__WHAT YOU NEED TO DO__
All of the data below should come back exactly as written, minus its images.

__SUPPLIED INFORMATION__
■ ■ ■ ■ ■ ■ ■

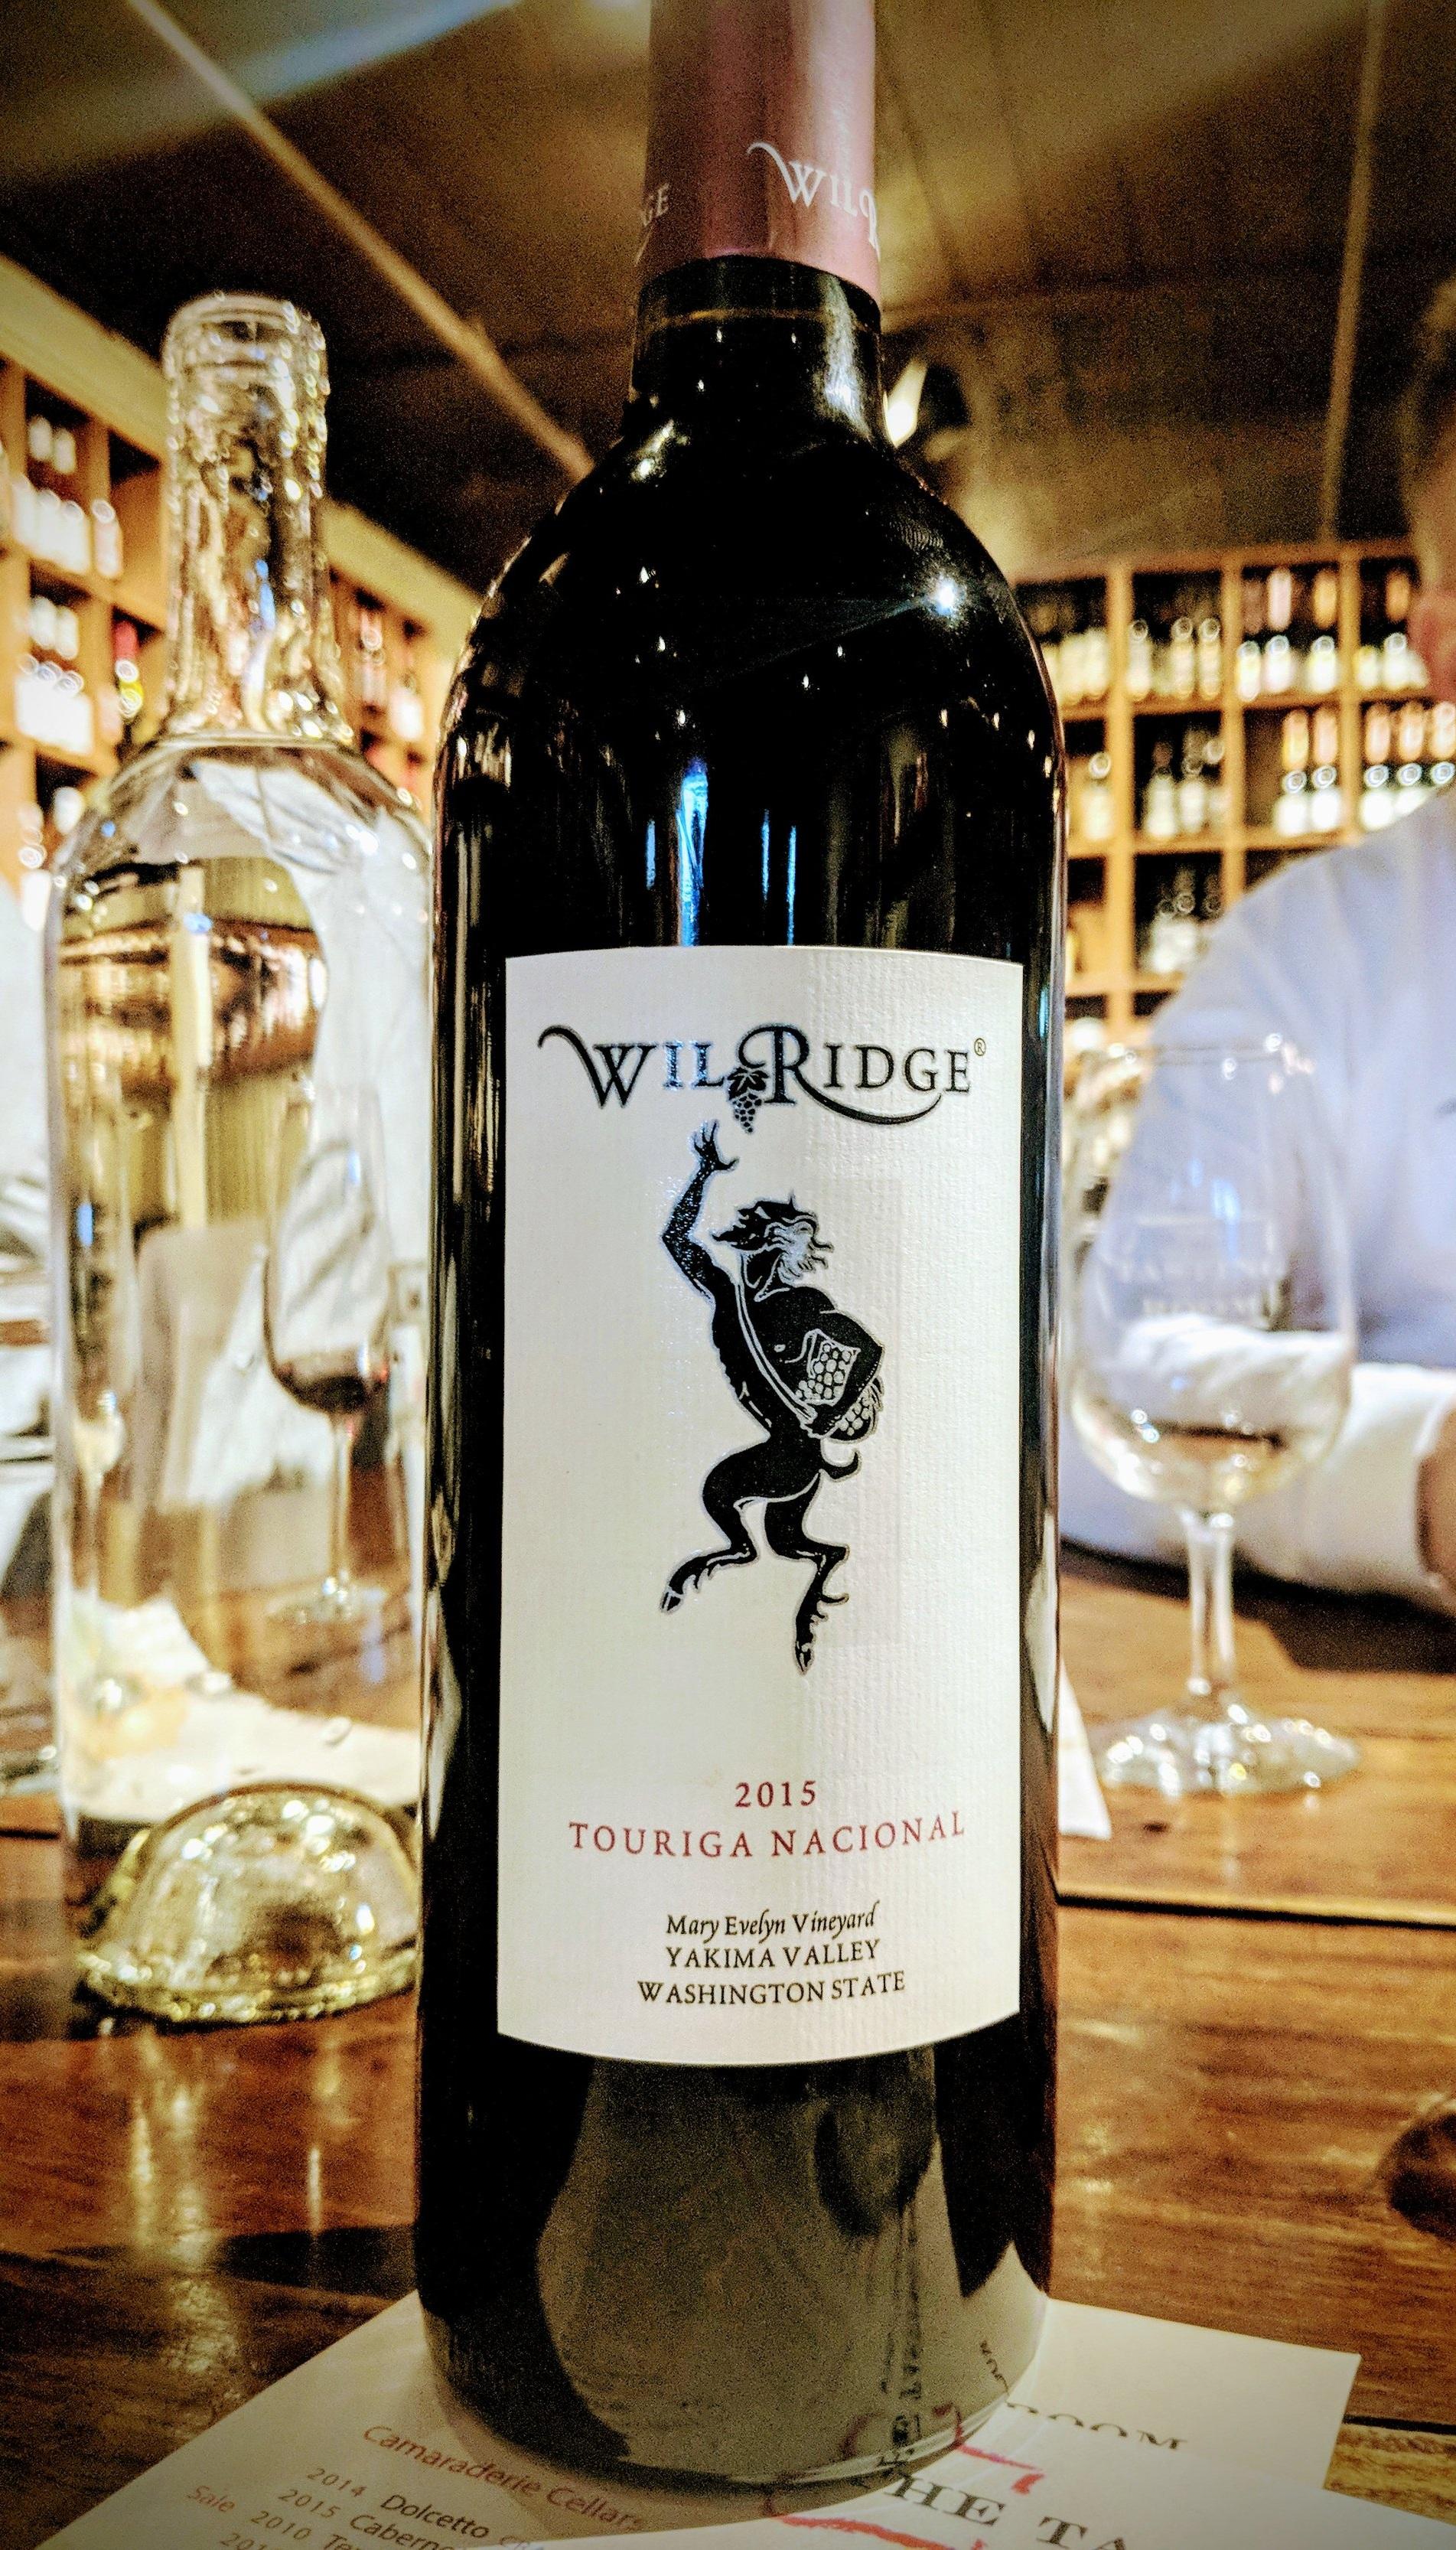 Wilridge Winery grown in the Yakima Valley
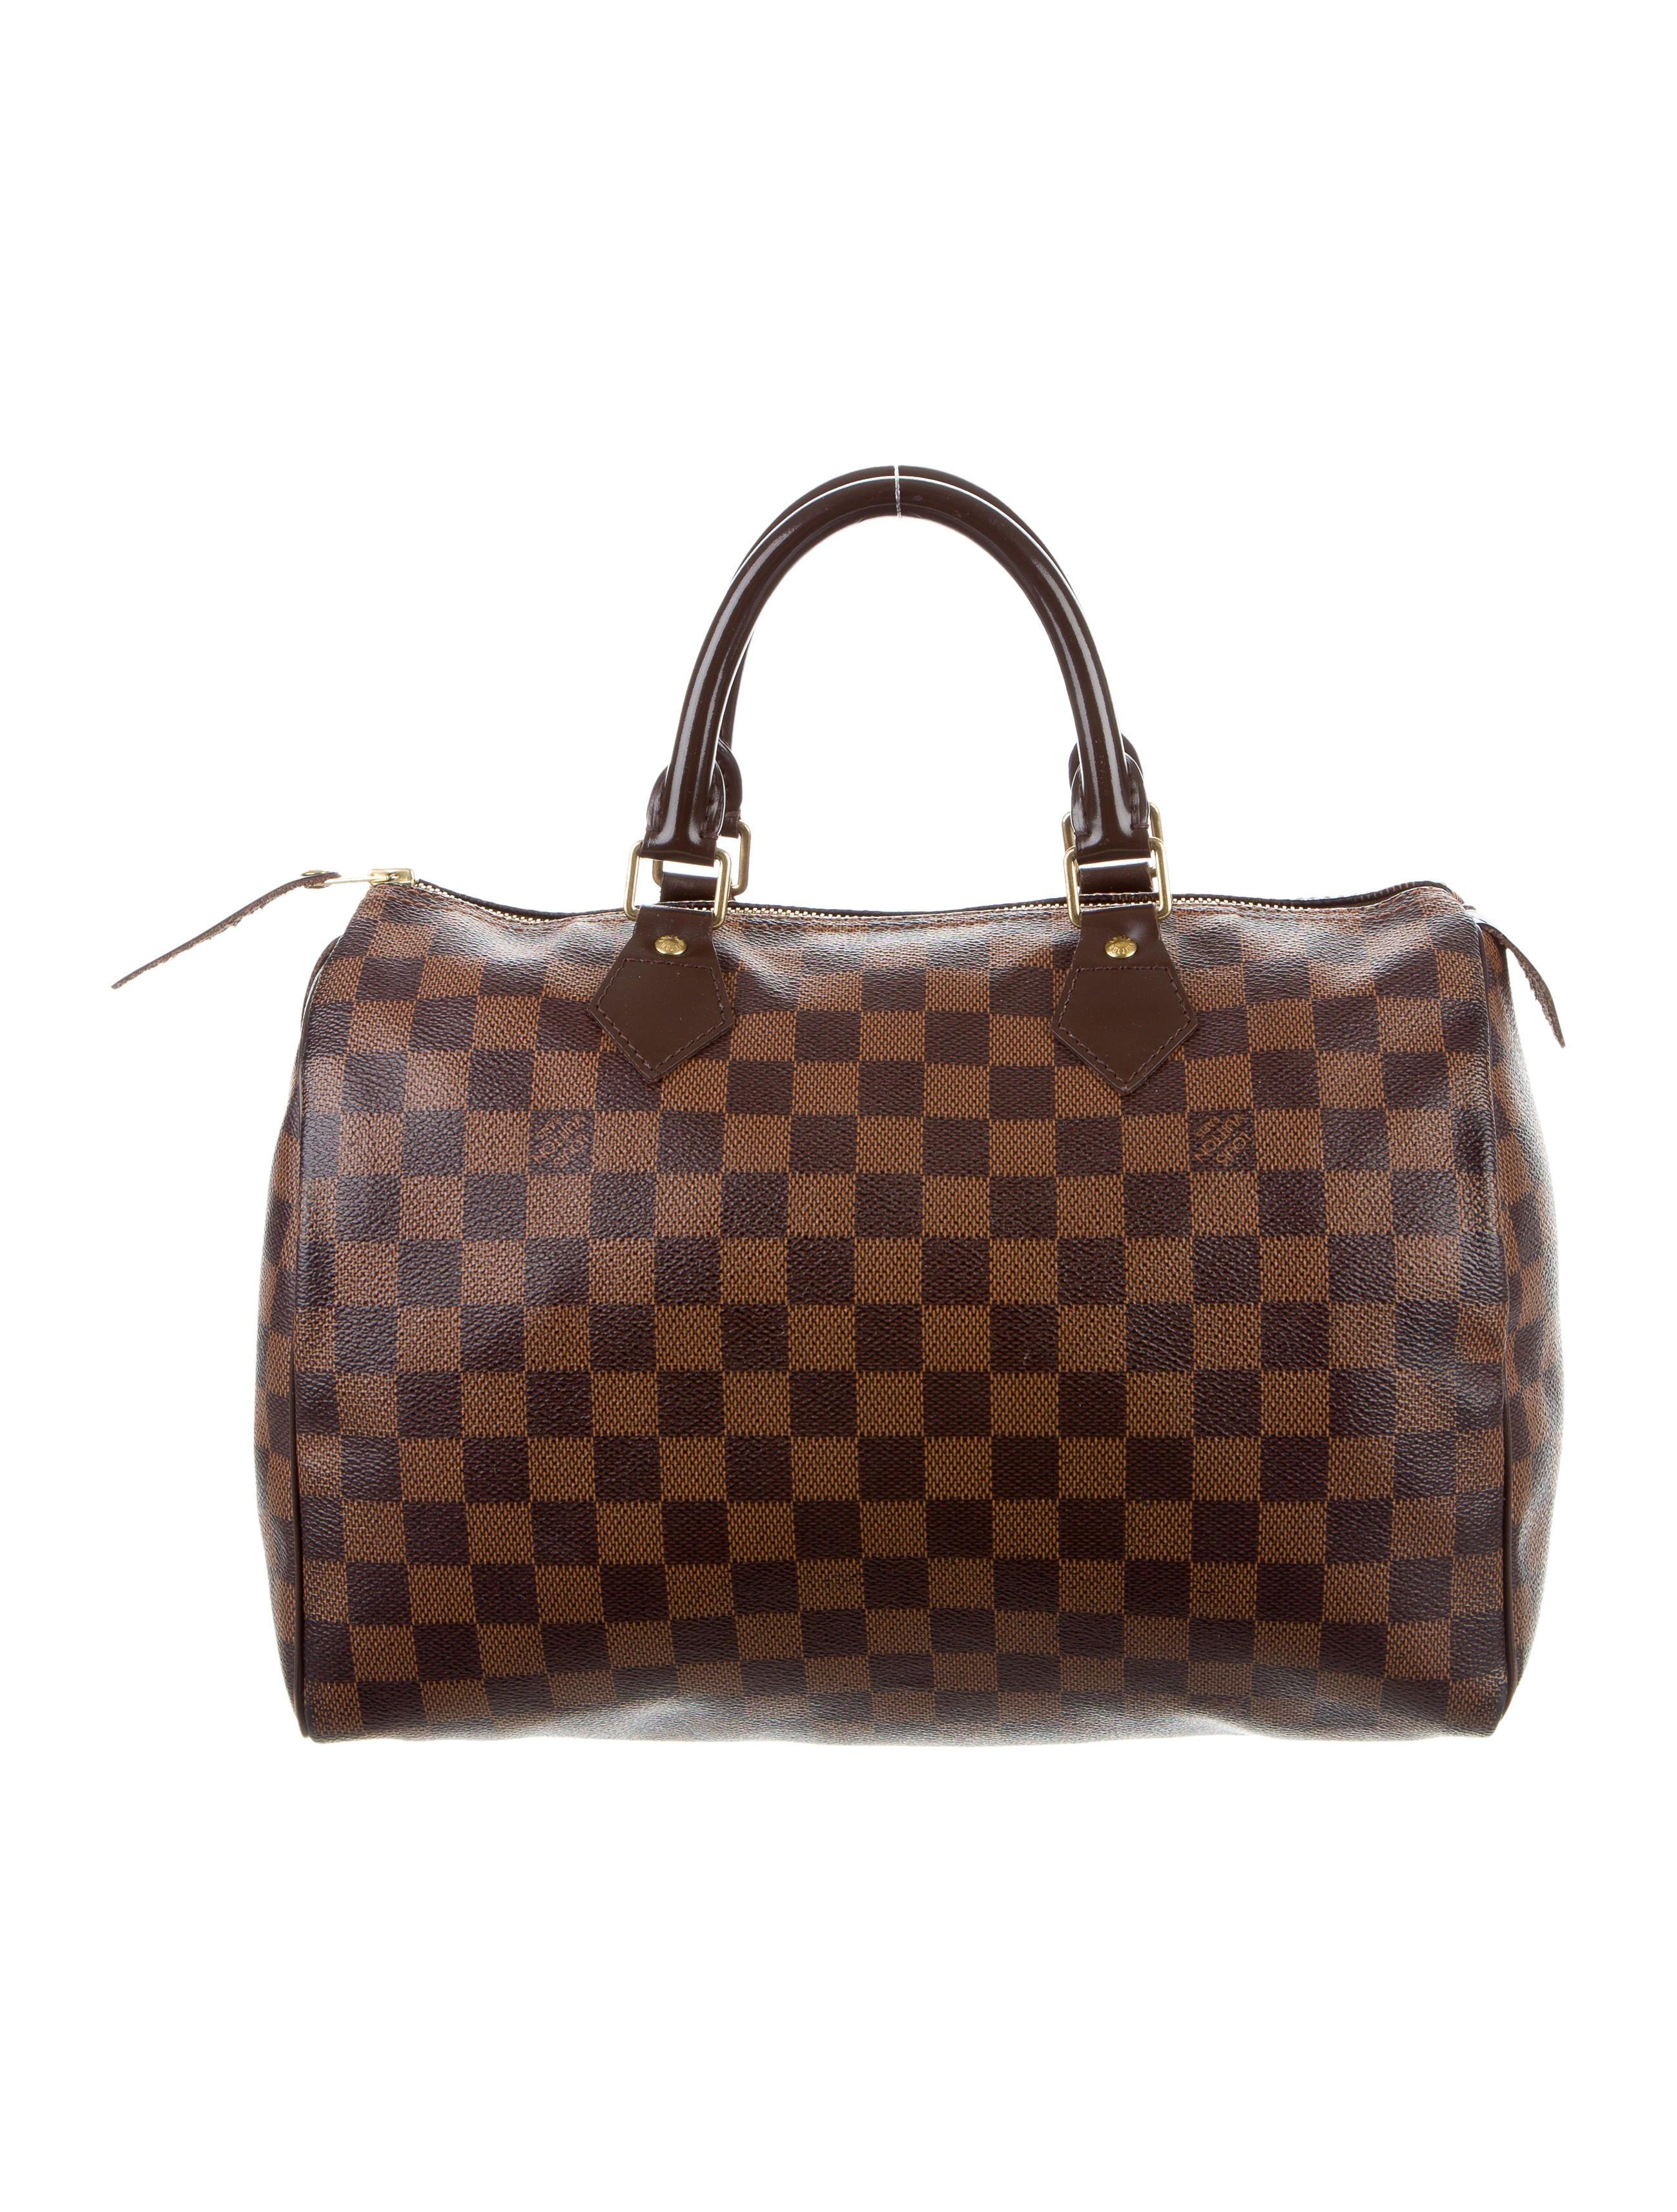 louis vuitton damier speedy 30 handbags lou108646. Black Bedroom Furniture Sets. Home Design Ideas
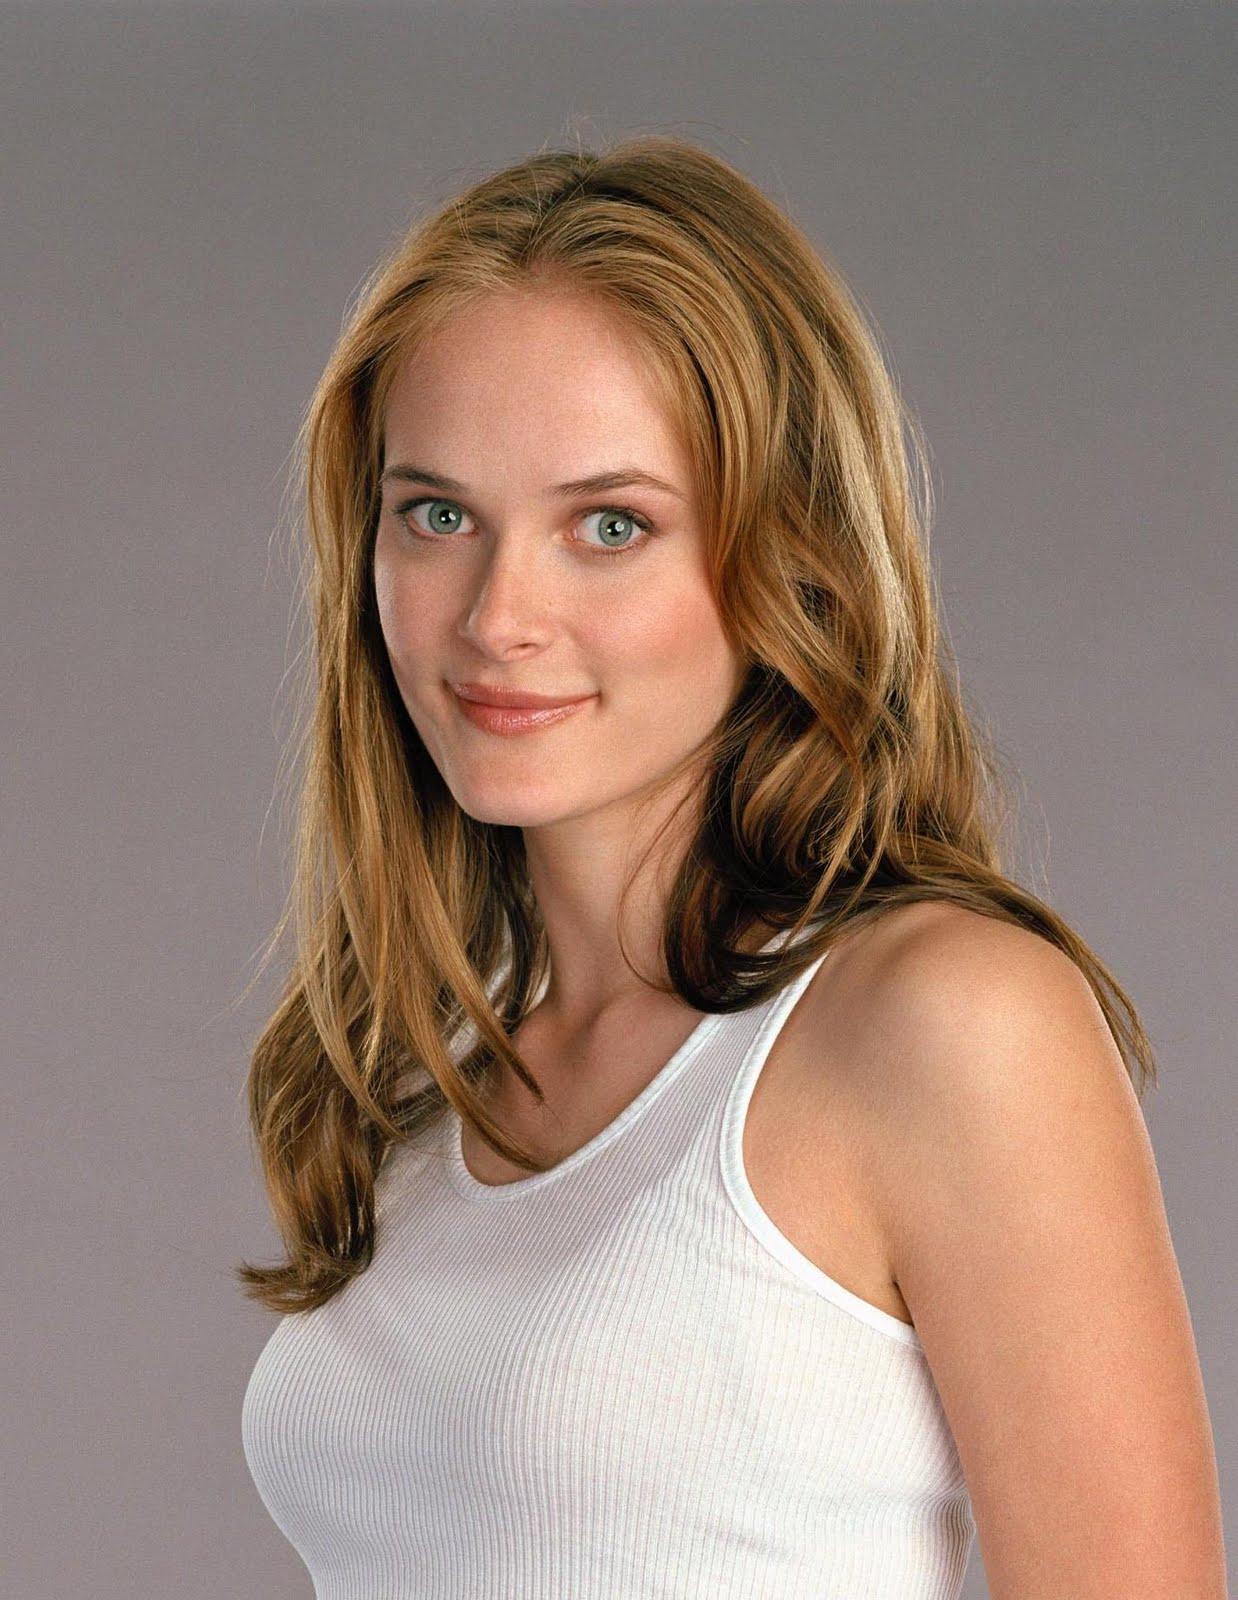 World's Most Beautiful Women: October 2011

■ ■ ■ ■ ■ ■ ■

__TASK ANSWER__
 Wilridge Winery grown in the Yakima Valley
 louis vuitton damier speedy 30 handbags lou108646. Black Bedroom Furniture Sets. Home Design Ideas
 World's Most Beautiful Women: October 2011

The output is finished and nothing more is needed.